Taylor Momsen Did Not Write This Slashdot Headline
Hugh Pickens writes "David Carr writes that headlines in newspapers and magazines were once written with readers in mind, to be clever or catchy or evocative, but now headlines are just there to get the search engines to notice. Hence the headline for this story that includes a prized key word for one of the 'Gossip Girls' — just the thing to push this Slashdot summary to the top of Google rankings. 'All of the things that make headlines meaningful in print — photographs, placement, and context — are nowhere in sight on the Web,' writes Carr. Headlines have become, as Gabriel Snyder, the recently appointed executive editor of Newsweek.com, says, 'naked little creatures that have to go out into the world to stand and fight on their own.' In this context, 'Jon Stewart Slams Glenn Beck' is the ideal headline, guaranteed to pull in thousands of pageviews. And while nobody is suggesting that the Web should somehow accommodate the glories of The New York Post's headlines in that paper's prime, some of its classics would still work. 'Remember "Headless Body in Topless Bar," perhaps the most memorable New York Post headline ever? It's direct, it's descriptive, and it's oh-so-search-engine-friendly. And not a Taylor Momsen in sight.'"
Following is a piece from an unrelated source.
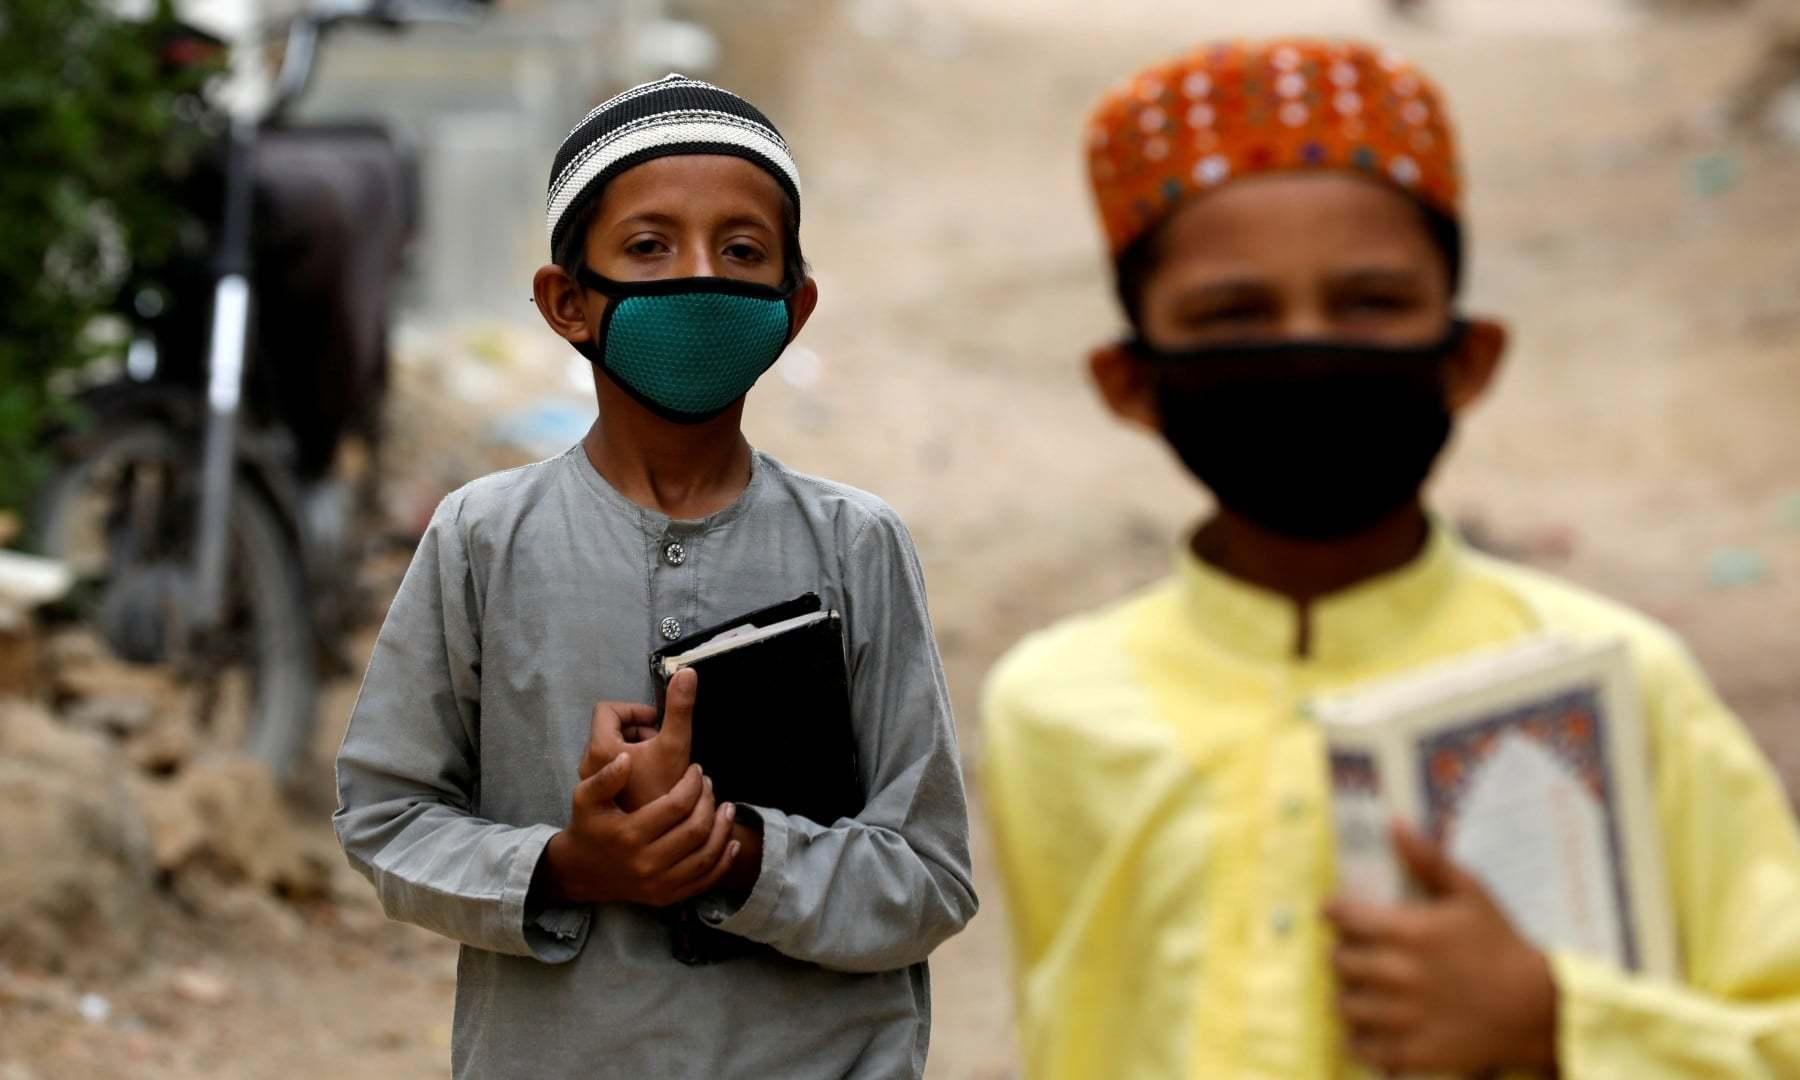 پاکستان اور افغانستان دنیا میں دو ملک ہیں جہاں پولیو پایا جاتا ہے — فوٹو:رائٹرز

I'm a technology journalist now working for a web-exclusive publication after years of working in print. And headlines have gone from being one of the most fun parts of the job to one of the worst. I've had endless arguments with editors who will freak out if there's anything even the slightest bit clever or sly about a headline--if it's not packed with keywords, all properly researched via Google Trends and Omniture and God knows how many other vetting systems, it's just not wanted at all. It's horrific, and does the readers a tremendous disservice.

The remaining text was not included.